Statistical analyses

A quantitative synthesis (i.e., meta-analysis) was performed on the ASSURE, S-TRAC, and PROTECT trials. For disease-free survival (DFS) and overall survival (OS) data, hazard ratios (HR) and 95% confidence intervals (CI) obtained directly from studies were pooled to compare results.

Evidence synthesis

The ASSURE trial

The ASSURE trial1 randomized 1943 patients with completely resected stage pT1b or greater nmRCC. Patients were randomly assigned (1:1:1) to initially receive 54 weeks of sunitinib (n=647) 50 mg once per day orally throughout the first four weeks of each six-week (four weeks on/two weeks off) cycle continuous, sorafenib (n=649) 400 mg twice per day orally, or placebo (n=647).

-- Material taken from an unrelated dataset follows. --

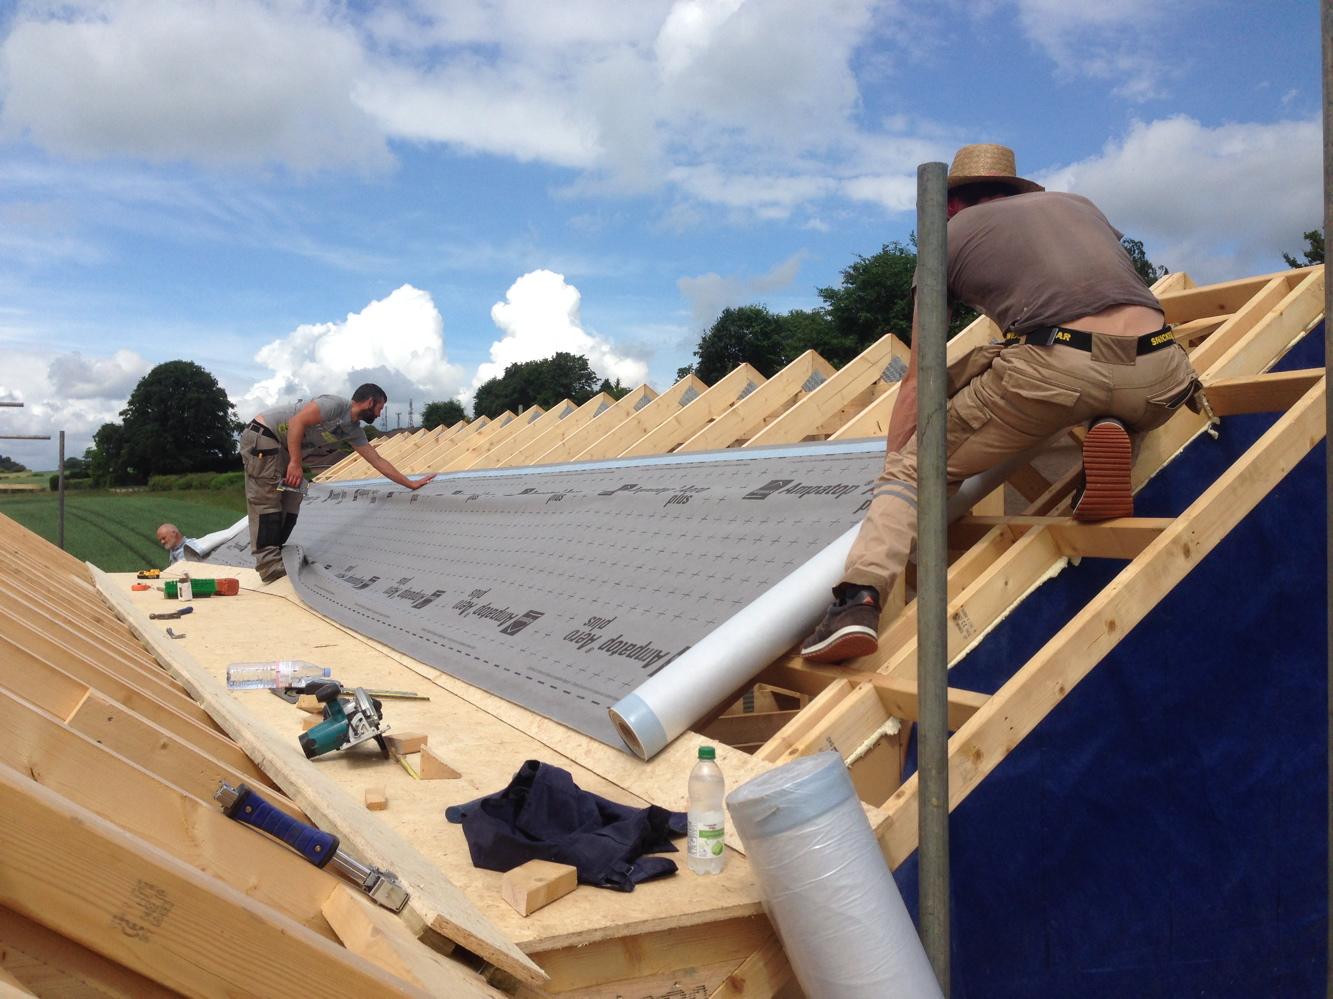 Fixing roofing felt

Treatment was discontinued due to toxicity by 193 of 438 (44%) patients on sunitinib, 199 of 441 (45%) patients on sorafenib, and 47 of 444 (11%) patients on placebo. Upon review of this data, the starting dose of each drug was subsequently reduced and then individually titrated up to the original full doses if possible. The most common grade 3 or worse adverse events were hypertension (17% sunitinib patients, 16% sorafenib patients), hand-foot syndrome (15% sunitinib patients, 33% sorafenib patients), rash (2% sunitinib patients, 15% sorafenib patients), and fatigue (18% sunitinib patients, 7% sorafenib patients). The primary analysis showed no significant differences in DFS between study arms: median of 5.8 years (interquartile range [IQR] 1.6–8.2) for sunitinib (HR 1.02; 95% CI 0.85–1.23; p = 0.8), 6.1 years (IQR 1.7–not estimable [NE]) for sorafenib (HR 0.97; 95% CI 0.80–1.17; p=0·7184), and 6.6 years (IQR 1.5–NE) for placebo. In post-hoc subgroup analyses of pathological stage T3 or T4 patients, American Joint Committee on Cancer (AJCC) stage III–IV patients, as well as patients with Fuhrman grade 3 or 4, sunitinib adjuvant therapy failed to demonstrate either DFS or OS benefit compared to placebo. There were six deaths related to treatment: four in sunitinib group vs. one in sorafenib group and one in placebo group. The ASSURE trial investigators concluded that adjuvant treatment with the VEGFR TKI sorafenib or sunitinib did not improve survival relative to placebo. Furthermore, substantial treatment discontinuation occurred in the treatment arm because of excessive toxicity, despite dose reduction strategies. These results provided an important rationale against the use of these drugs for high-risk nmRCC patients in the adjuvant setting after nephrectomy for nmRCC.

The S-TRAC trial

The S-TRAC trial2 randomized 615 patients with loco-regional, high-risk clear-cell nmRCC to receive either sunitinib (50 mg per day) or placebo on a four-weeks-on, two-weeks-off schedule for one year or until disease recurrence, unacceptable toxicity, or consent withdrawal. The primary endpoint of the study was DFS. Using central radiological review, the median duration of DFS was 6.8 years (95% CI 5.8–not reached) in the sunitinib group and 5.6 years (95% CI 3.8–6.6) in the placebo group (HR 0.76; 95% CI 0.59–0.98; p=0.03). The statistical significance was not confirmed using investigator radiological review (HR 0.81; 95% CI 0.64–1.02; p=0.08). OS data were not mature at data cutoff. Nonetheless, the reported HR for OS failed to reveal an improvement: 1.01 (95% CI 0.72–1.44; p=0.94).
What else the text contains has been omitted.